De toda sorte, um dos principais indicadores do potencial de sucesso de uma narrativa é precisamente a sua capacidade de se adequar de maneira eficiente às paixões, vieses, ideologias, valores e sistemas de crenças dos indivíduos. Alguns tipos de emoção, como os medos e ressentimentos, parecem ser terreno especialmente fértil para o florescimento de narrativas que se conectem a eles, especialmente quando confirmam nossos medos – o viés de confirmação.
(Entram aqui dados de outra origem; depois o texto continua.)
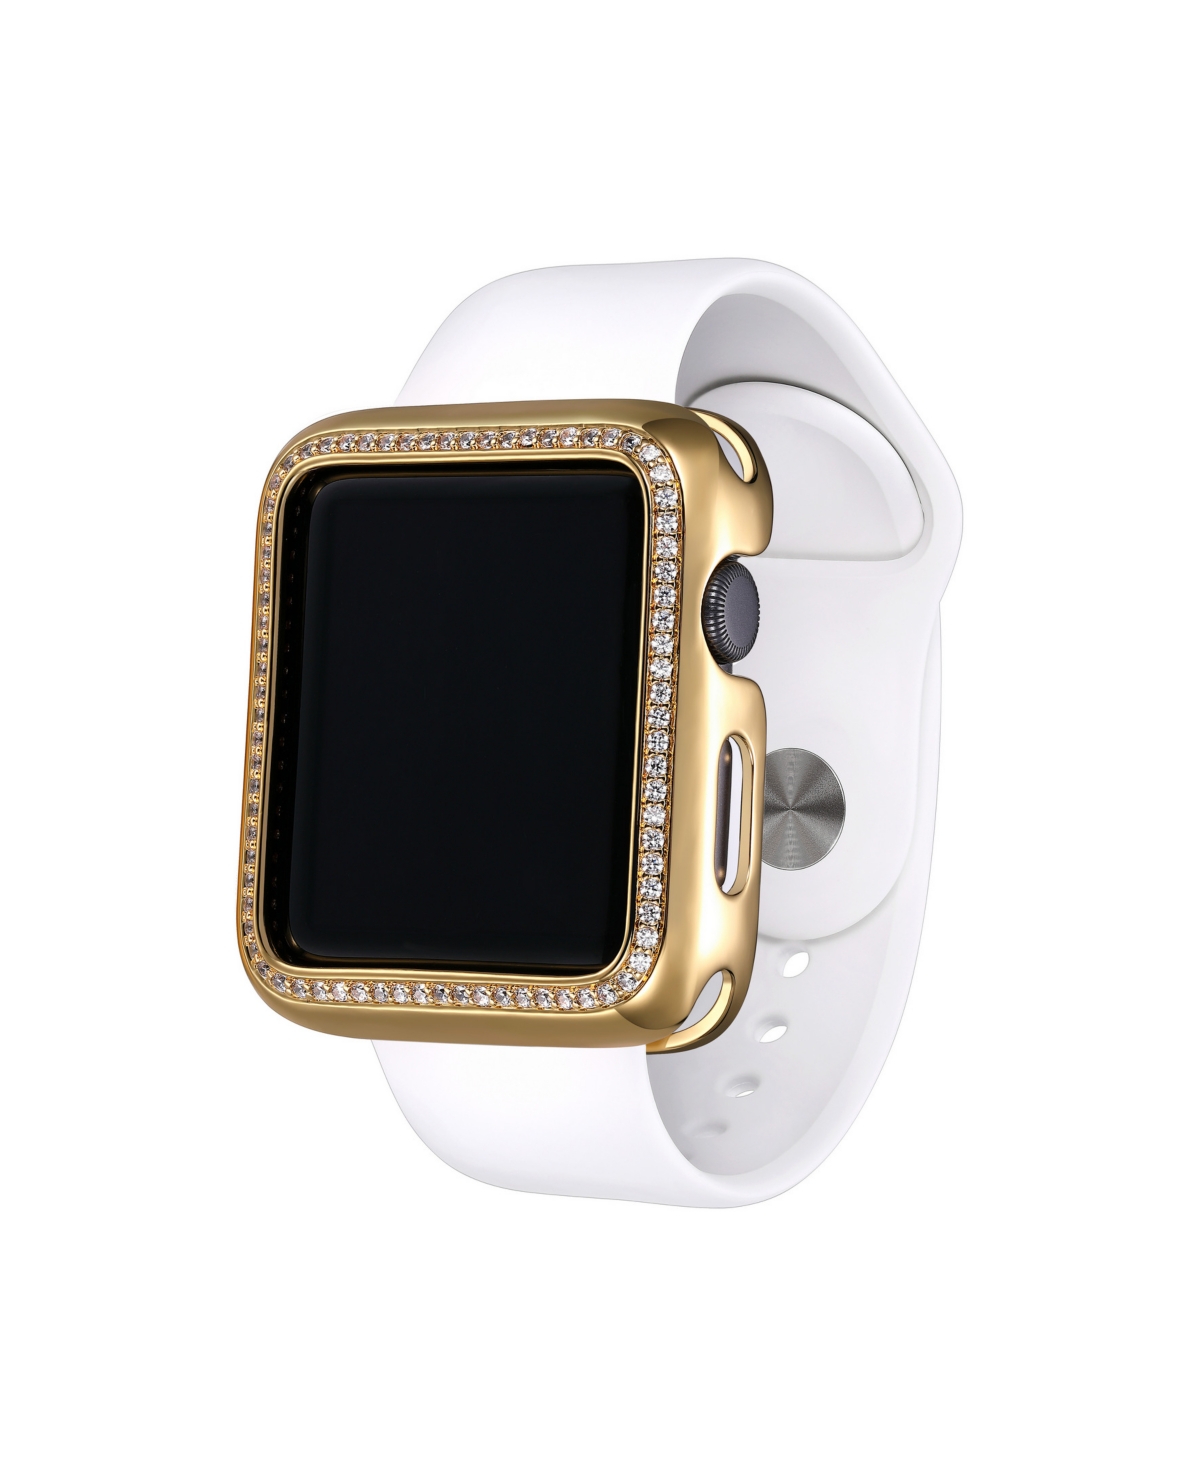 Halo Apple Watch Case, Series 1-3, 42mm - Gold-Tone

Uma coisa é certa: como histórias coletivas que são, as narrativas podem determinar o comportamento coletivo ou até mesmo transformá-lo. É por essa razão que, para compreender por que o mercado anda nervoso, é insuficiente se voltar apenas para o conteúdo das declarações de Lula ou se perquirir se e em que medida haveria fatores racionais para levar a tais reações; será fundamental igualmente compreender qual(is) (é)são a(s) narrativa(s) em razão da(s) qual(is) tais declarações são recebidas pelos agentes econômicos em uma escala macro, o que será aprofundado no próximo artigo.


[1] https://exame.com/invest/mercados/entenda-por-que-o-mercado-financeiro-ficou-nervoso-apos-lula-questionar-estabilidade-fiscal/

[2] SHILLER, Robert. Narrative Economics. How Stories go viral and drive major economic events. Princeton University Press, 2019.

[3] SHILLER, Robert. Irrational exuberance. Princeton University Press; 2016.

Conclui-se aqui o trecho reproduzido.